Verificação privacy-preserving contra base Receita Federal. Match, don't reveal.
Project description
brasil-mcp-match
Match, don't reveal. Privacy-preserving CNPJ verification against the Brazilian Receita Federal base.
brasil-mcp-match is a Model Context Protocol server (and matching REST API) that lets AI agents and KYC pipelines verify what they already know about a Brazilian company — without ever returning the underlying personal/business data.
Instead of "give me the razão social for CNPJ X" (which is the model every existing CNPJ API uses), the question becomes "does CNPJ X have a razão social that matches the string Y?". The answer is a boolean + a confidence hint. The base data never crosses the wire.
That single inversion has big downstream consequences:
- LGPD posture. Operators don't accumulate copies of the RF base; controllers don't redistribute PII they had no basis to share.
- Match accuracy >> exact lookup.

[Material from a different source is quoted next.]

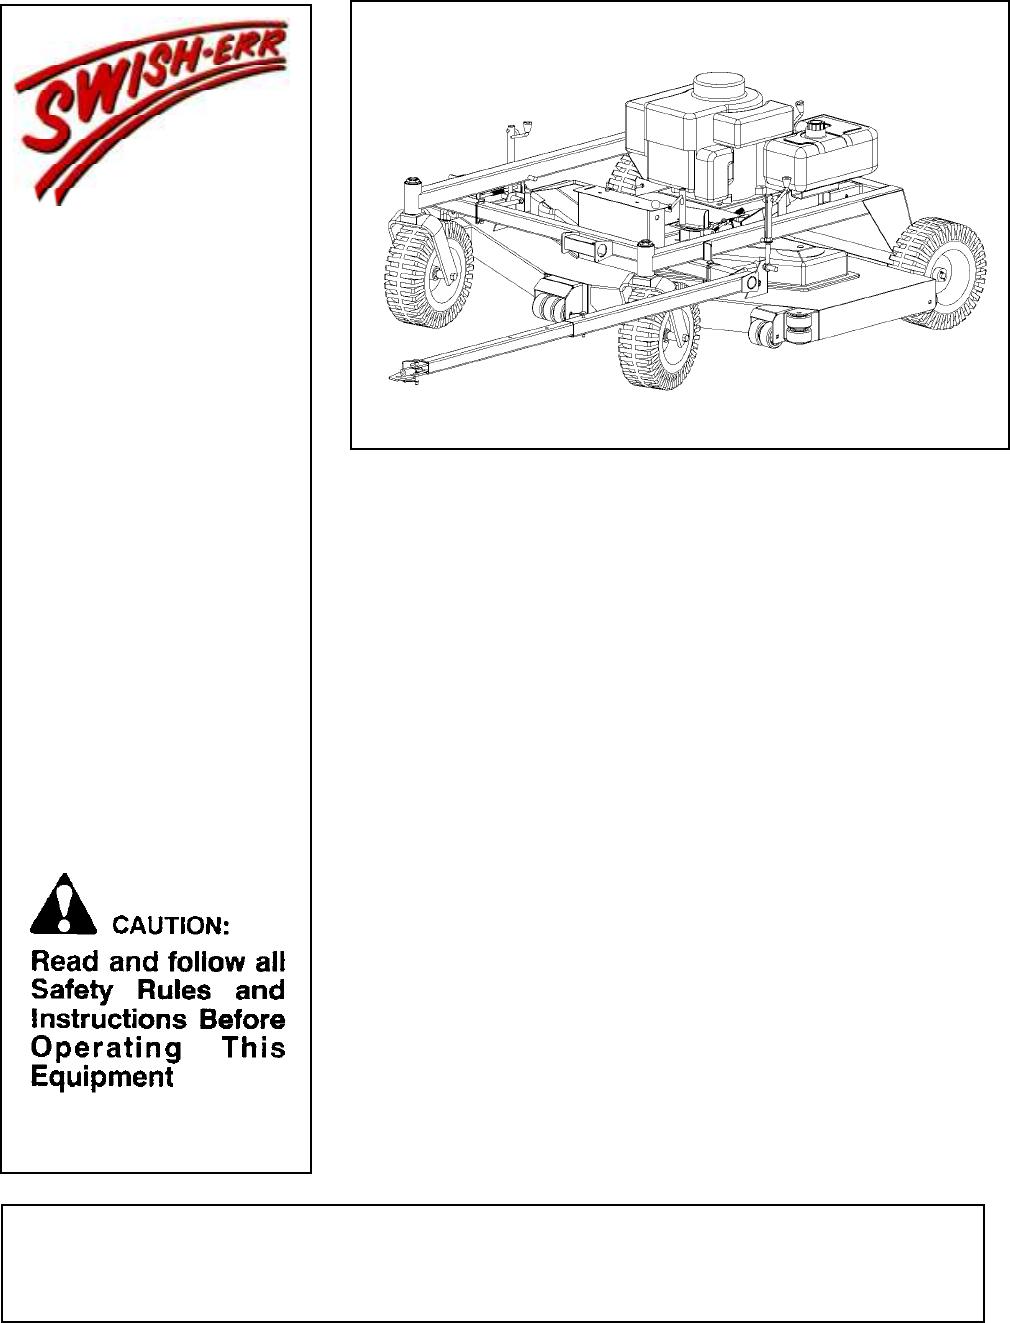 swisher lawn mower t1260  t1360 user guide manualsonline com swisher trail mower manual swisher 44 trail mower manual

Fuzzy matching is built in for razão social (accent-insensitive, token-set, weighted phonetic). The caller doesn't need to know exactly how the RF spells things.
- Auditability. Every call returns a
query_idand is logged with a hashed API key, hashed input, and response summary only — never the raw RF payload.
Install
pip install brasil-mcp-match
# or
uv add brasil-mcp-match
License note. This package is AGPL-3.0-or-later. If you're calling our hosted API, you're fine. If you want to self-host commercially without releasing your derived source, contact us for a commercial license.
Quick start
1. Start Postgres + run the ingest
git clone https://github.com/brasil-mcp/match.git
cd match
docker compose up -d postgres
uv run brasil-mcp-match-ingest --release 2026-04
The first ingest takes ~30 minutes (downloads ~5 GB of RF dumps, parses, COPYs into Postgres). Subsequent monthly refreshes are incremental.
2. Start the API
uv run brasil-mcp-match serve 8000
3. Make a call
curl -X POST http://localhost:8000/v1/match/razao-social \
-H "X-Brasil-MCP-Key: brasilmcp_yourkeyhere" \
-H "Content-Type: application/json" \
-d '{"cnpj": "33000167000101", "nome": "Petrobras"}'
{
"query_id": "06d9ef6e-3759-43a4-864f-786e1ad59a6d",
"base_updated_at": "2026-04-01",
"match": true,
"confidence": 1.0,
"hint": "fuzzy_prefix"
}
The response never contains the actual razão social registered at the Receita Federal — just confirmation that what you supplied matches.
v0.1.0 tools
| Tool | Description | Output |
|---|---|---|
match_razao_social |
Verify if a name matches the RF-registered razão social. Fuzzy: accent-insensitive, token-set, phonetic. | { match, confidence, hint } |
check_situacao_cadastral |
Return the cadastral status (ativa/suspensa/inapta/baixada/nula). | { situacao, since } |
check_porte_empresa |
Return company size enum (MEI/ME/EPP/DEMAIS) and Simples Nacional flag. | { porte, is_simples_nacional, is_mei } |
match_uf |
Verify the company's registered UF matches what you supplied. | { match } |
Full input/output schemas + cURL examples: docs/tools.md.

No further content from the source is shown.